Surfactant production
  • It’s synthesized by the alveolar type II cells by 20 weeks of gestation.
  • It appears in amniotic fluid between 28 and 32 weeks.
  • Mature levels are usually present after 35 weeks.
The major constituents of surfactant are:
  • Dipalmitoyl phosphatidylcholine (lecithin).
  • Apoproteins (surfactant proteins SP-A, -B, -C, -D).
  • Cholesterol.
Phosphatidylglycerol:
Phosphatidylglycerol level begins to rise in amniotic fluid after 35 weeks of gestation and is used as a marker for fetal lung maturity. Instead of high levels of phosphatidylglycerol in mature lungs, immature lungs contain a larger amount of phosphatidylinositol than a smaller amount of phosphatidylglycerol.
Synthesis of the surfactant depends on gestational age, pH, temperature and perfusion:
  • Gestational age: The earlier gestational age (prematurity), the more risk of RDS.
  • pH: Any clinical condition causes fetal acidosis and may result in diminished surfactant synthesis.
  • Temperatures: Such as cold stress can suppress surfactant synthesis.
  • Perfusion: Intrapartum asphyxia, hypovolemia or hypotension can suppress surfactant synthesis.
The primary problem of Respiratory Distress Syndrome (RDS) is surfactant deficiency in the premature lungs which results in higher surface tension; thus, greater pressure is required to expand the alveoli, and small airways leading to instability of the lung at end-expiration, low lung volume and decreased compliance.
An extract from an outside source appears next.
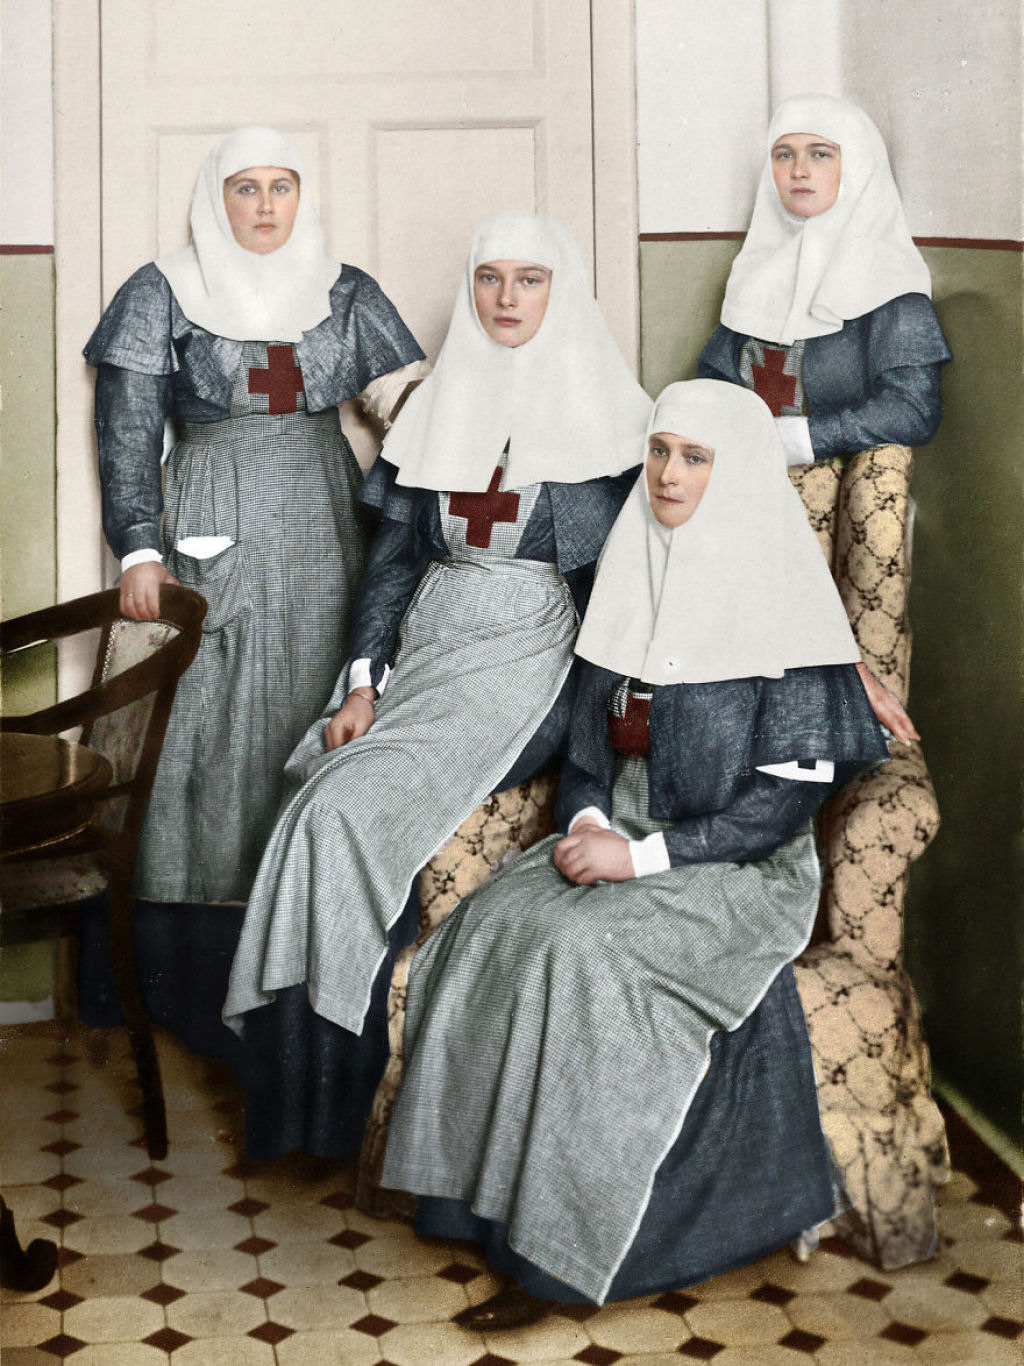 Fotos antigas colorizadas revelam a vida do povo russo entre 1900 e 1965 22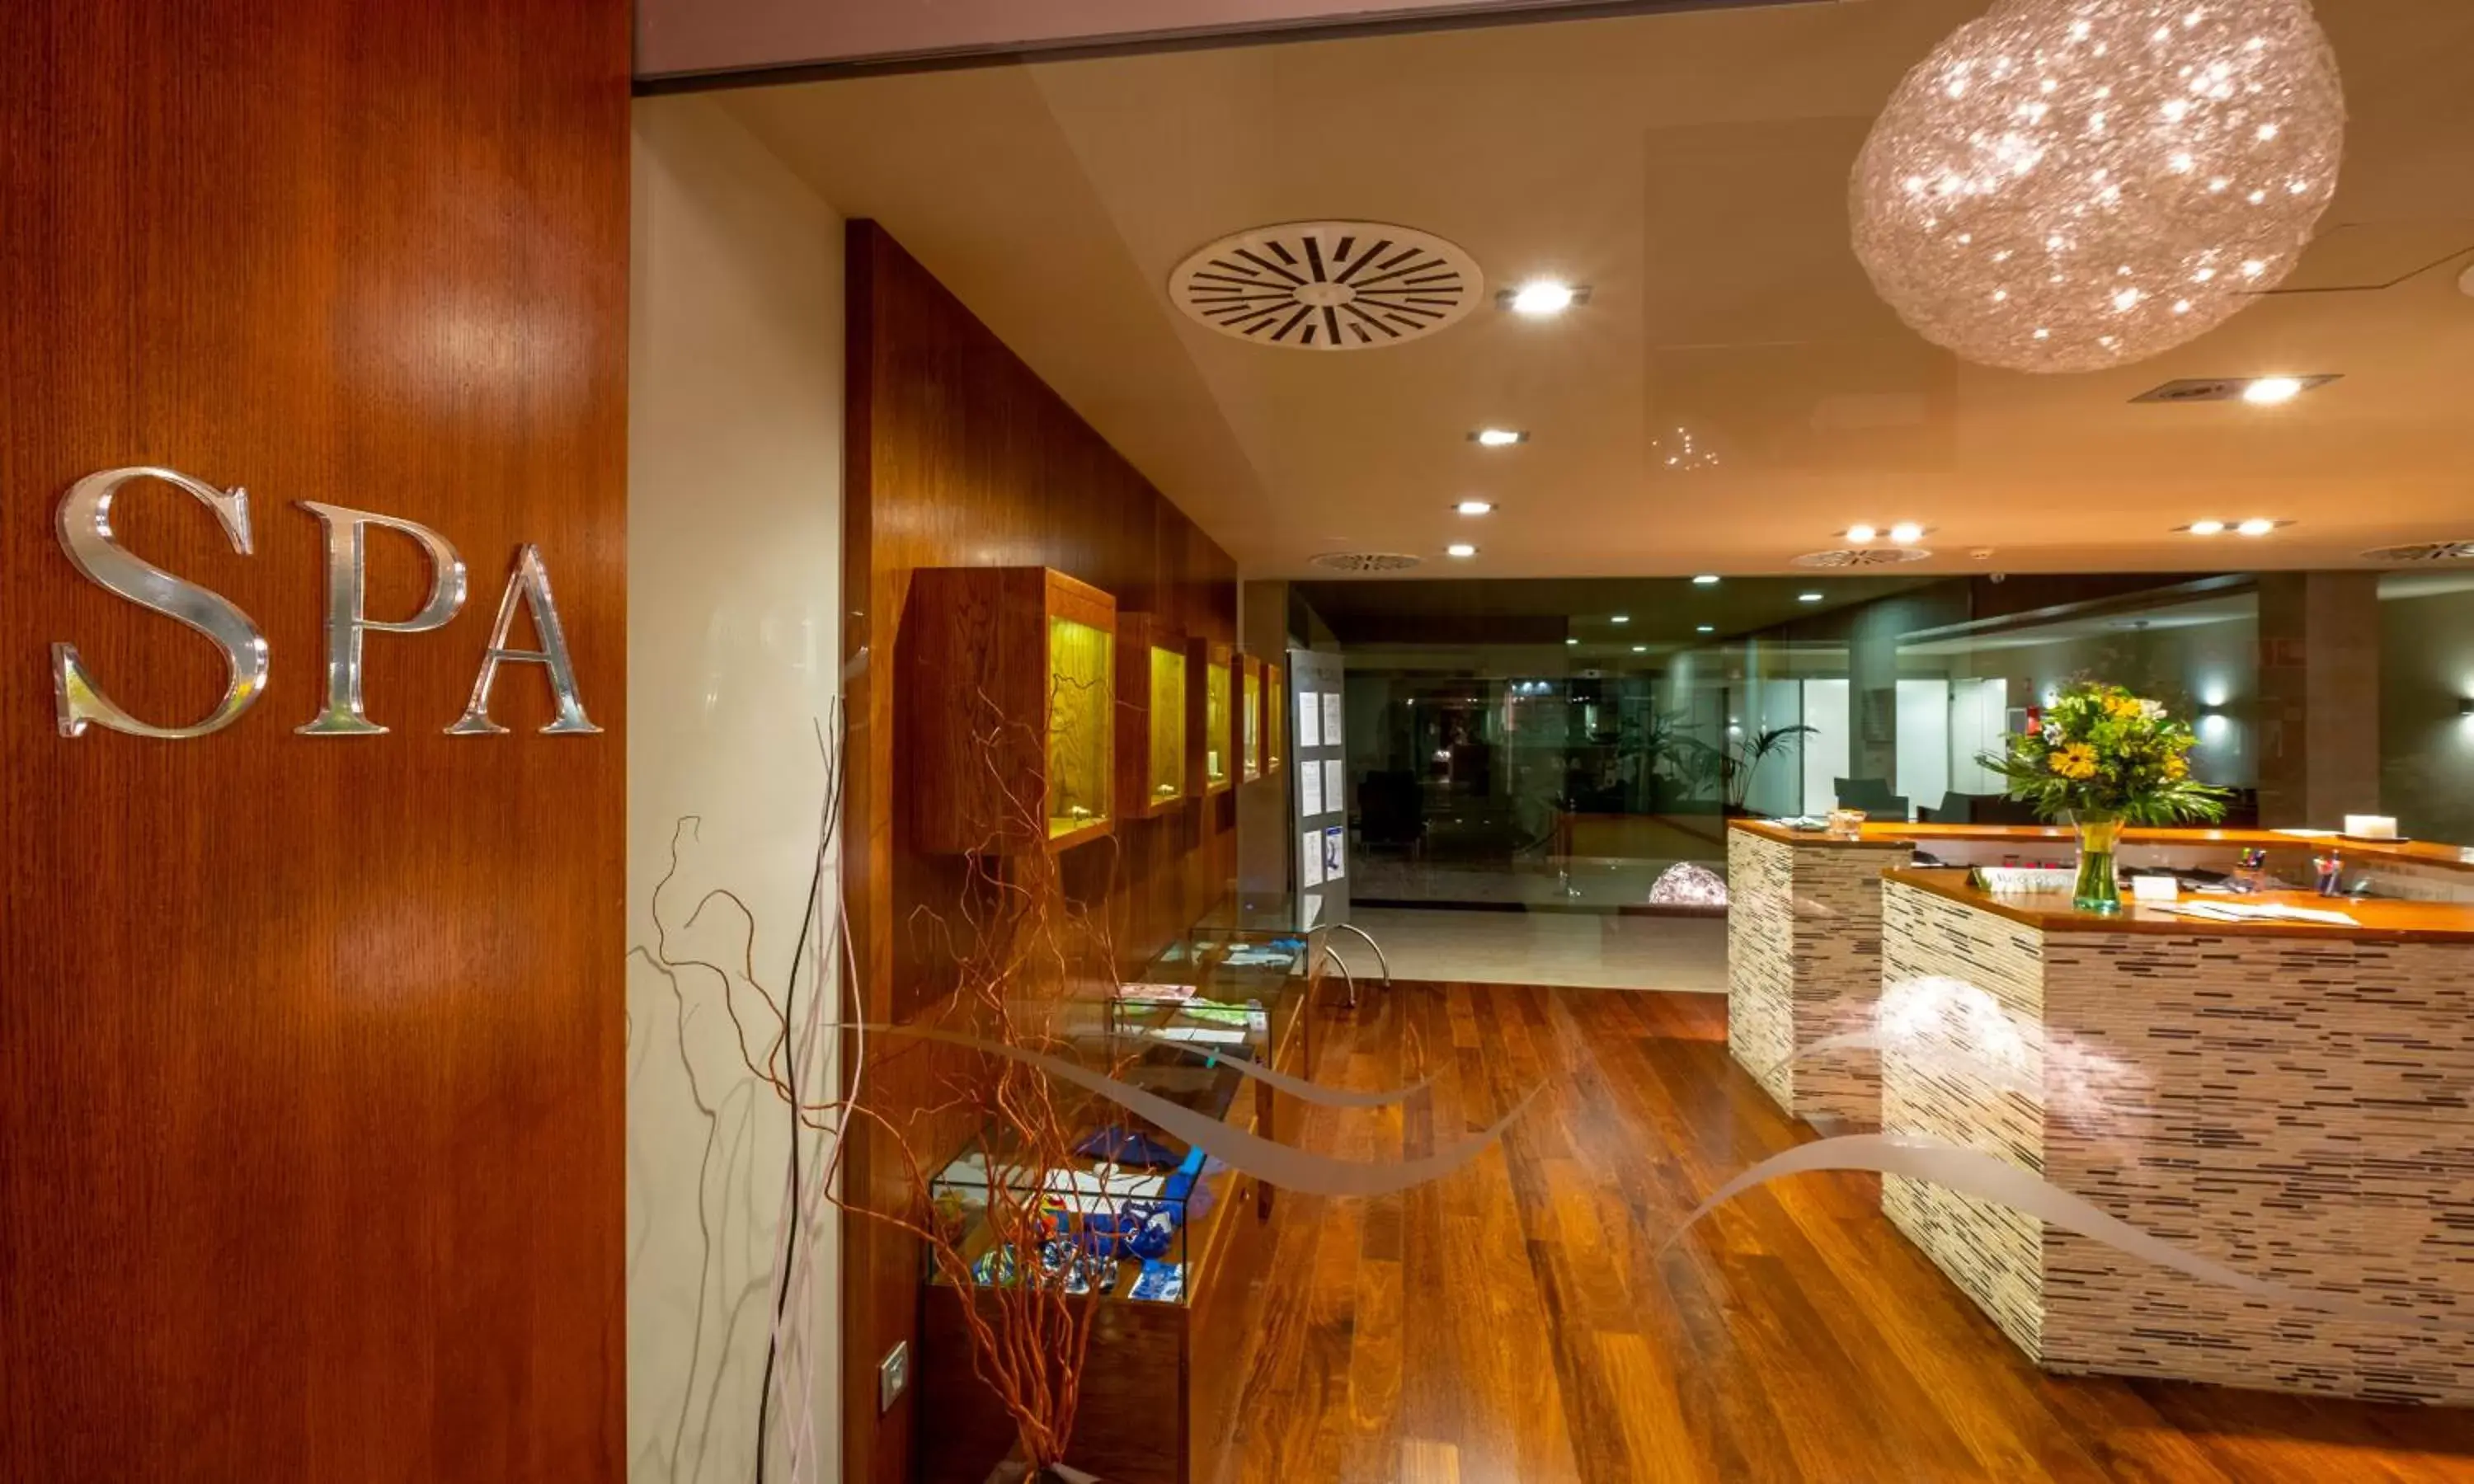 Spa and wellness centre/facilities, Lobby/Reception in Hotel Spa Attica21 Villalba

These changes may result in the collapse of portions of the lungs (atelectasis) leading to a mismatch between ventilation and perfusion, which causes hypoxia, hypercapnia, and acidosis.
The combination of hypoxia, hypercapnia, and acidosis may result in pulmonary arterial vasoconstriction with increased right-to-left shunting through the foramen ovale and ductus arteriosus → thus the pulmonary blood flow is decreased resulting in ischemia of surfactant-producing alveoli and the alveolar bed with subsequent effusion of proteinaceous material into the alveolar spaces, resulting in pulmonary edema and increased airway resistance.

Risk Factors of IRDS

  • Prematurity: The smaller the gestational age, the higher incidence of RDS.
  • Maternal Diabetes: Maternal hyperglycemia causes fetal hyperinsulinemia which antagonizes the action of cortisol; therefore delays the maturation of surfactant production in the lungs.
  • Cesarean section (C.S) without labor: A lack of stressful delivery results in reduced fetal cortisone production.
  • Perinatal asphyxia: Due to the hypoxemic injury if the alveolar cells type 2.
  • Male gender.

Clinical Manifestations of IRDS

The clinical manifestations arise mainly from the abnormal pulmonary function and the hypoxemia.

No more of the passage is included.